Her autobiography should have had an index, but that is a minor point.
            What is good about her book?  She presents an inside view of the Free Speech Movement protests in California, which would have repercussions by allowing the left to be heard on numerous campuses throughout the nation.  She is good at showing the struggles by a lesbian to conform to her parents’ religion (Communism), and how, in the end, she could no longer live a lie with her husband.  Her lesbian feelings were a major chink in the armor of Communism, one that allowed her to free herself from some of that heavy, rigid ideology.  It was not easy, and she writes of her problems with paranoia, self-loathing, and depression – problems I too have experienced as a gay man.  Once freed from the red armor, she was lucky to find a lesbian partner, Kate, and if they did not live “happily ever after,” at least they lived together happily.  Her chapter on the death of her parents is moving.  The confrontation with her father, Herbert, about the abuse, is wrenching.  Her description of driving on a bridge in California just as an earthquake rumbled beneath her provides a depth absent from the 20 seconds of TV images shown during such natural calamities.

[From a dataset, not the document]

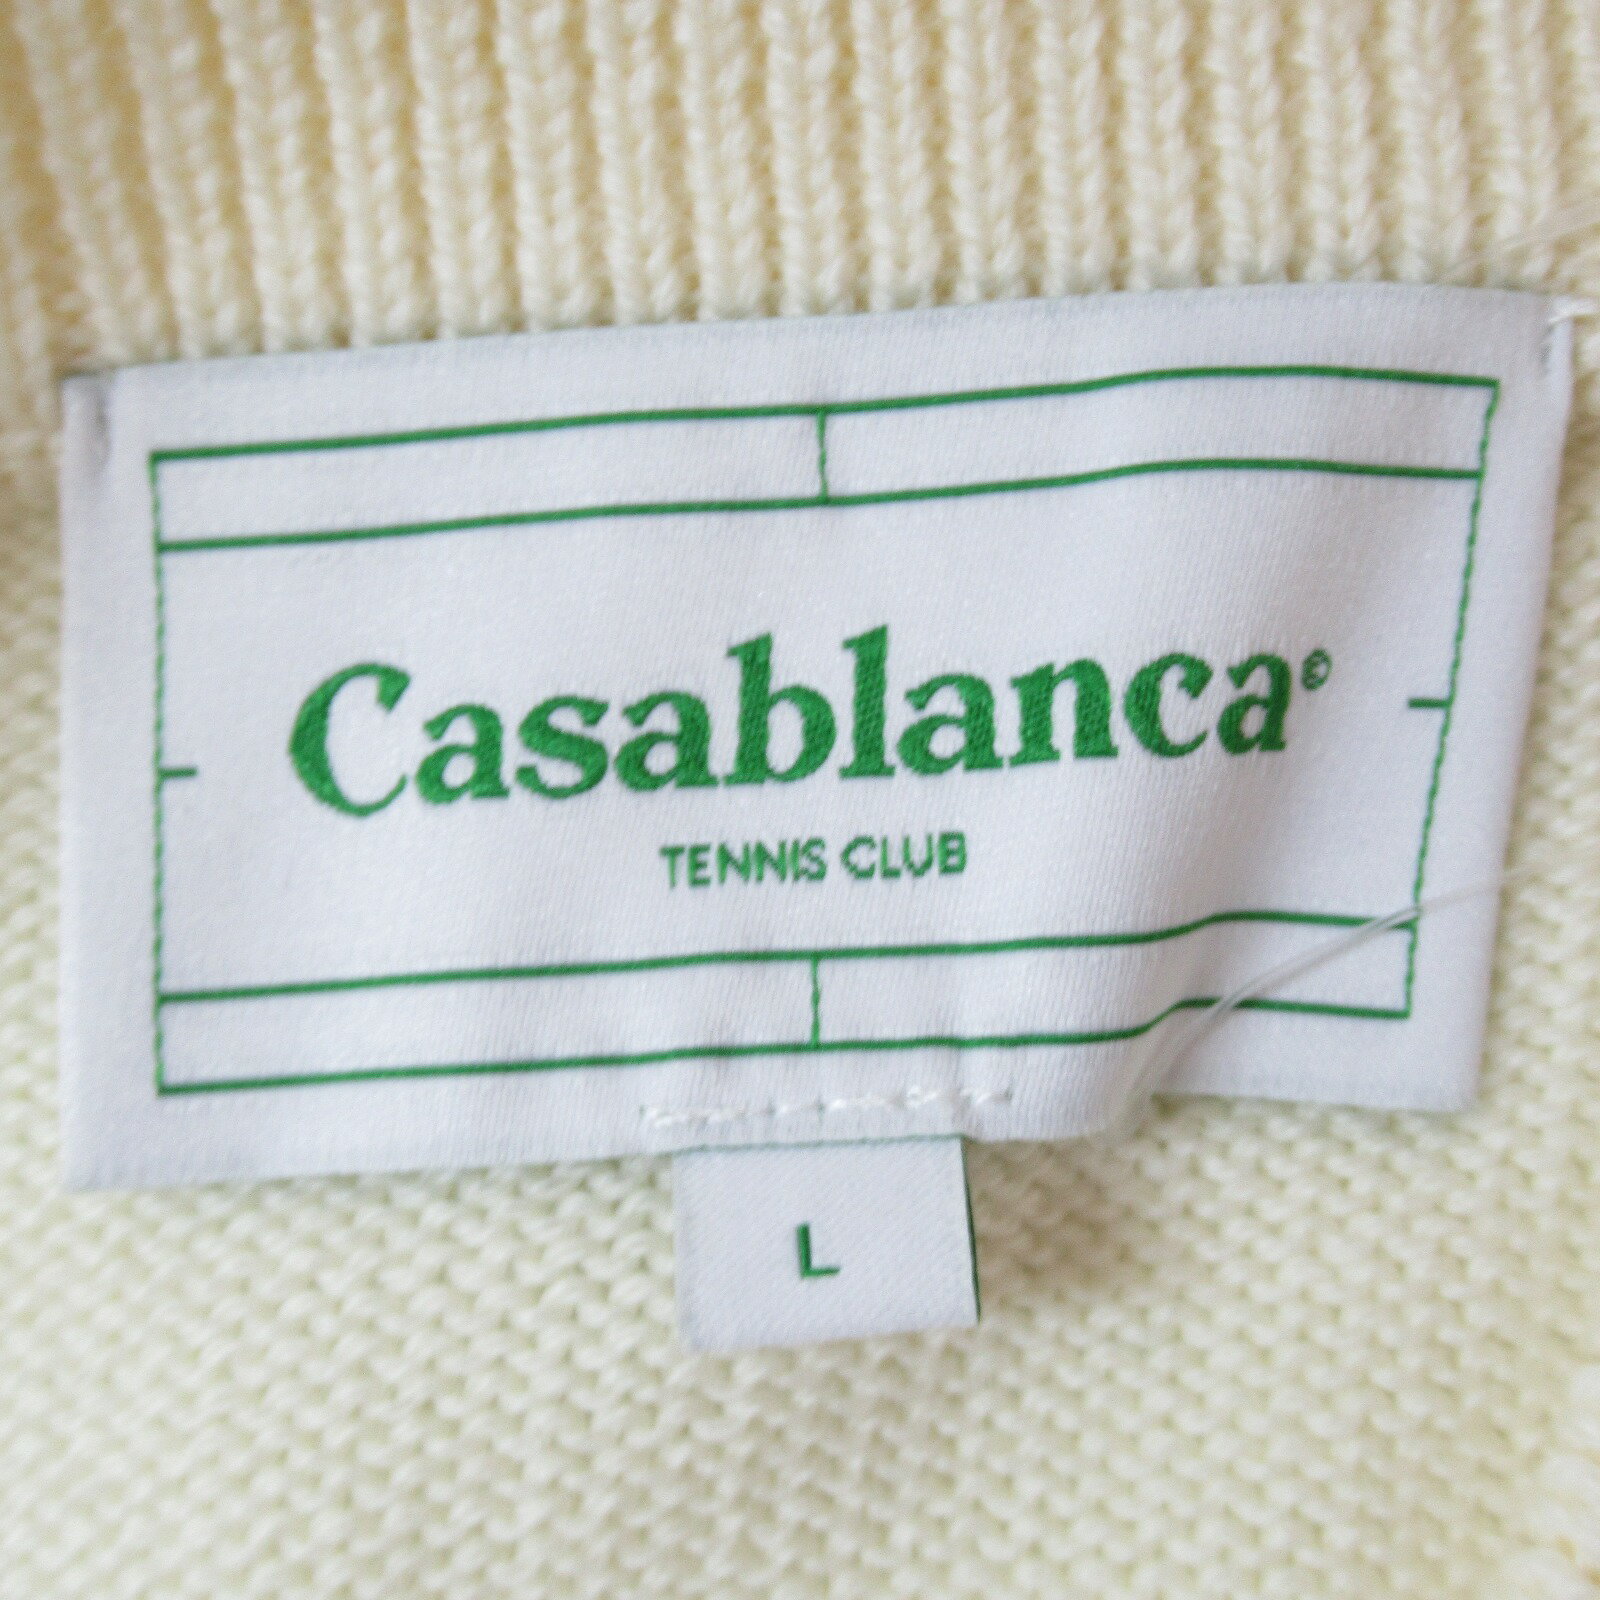 セレクション SELECTION カーサブランカセーター セーター 衣料品 トップス ウール レディース ベージュ系 ベージュ 【中古】 | 衣類 ブランド

            Her narrative of her conversion to Buddhism is interesting but left me cold.  One tenet of the religion is enough to close my mind on the issue – thou shall not kill insects.  As one who grew up in New Orleans swatting mosquitoes, crunching cockroaches, and using matches to burn ants, I utterly reject the ideal of not killing vermin.  When my Hindu friends gently remove a bug from a table, I roll my eyes.  I, too, wear my own set of blinders.
            As much as I disagree with Bettina’s politics, I enjoyed reliving her era – for it is mine as well.  We fought some of the same battles, yet arrived at different destinations.  Yet, I suspect we are both a bit more tolerant now than we were decades ago.  That she would even answer my emails, knowing that I’m now a conservative, attests to her tolerance.  Overall, Bettina’s book is an honest work about iconic figures of the left; one notes her courage in various movements, her struggles within her immediate family, and her wider family (the Party).  Finally she emerged as a lesbian mother and an academic for feminism and the left.  One need not agree with her to learn from her.  Bettina’s story covers not only the Berkeley protests, but some of the changes in the US, and the flexibility within the American system that contrasts with the rigidity of the Communist Party.  Hers is a volume that tells volumes.
            Addition, 10 March 2015.  Bottom line – Bettina’s autobiography raises two disturbing charges against her father, Herbert Aptheker: 1) Did he molest her?  2) Was he a hit man (not just a philosophical debater) for the Communist movement?  Do Federal Agencies have any tapes or information related to either of these charges?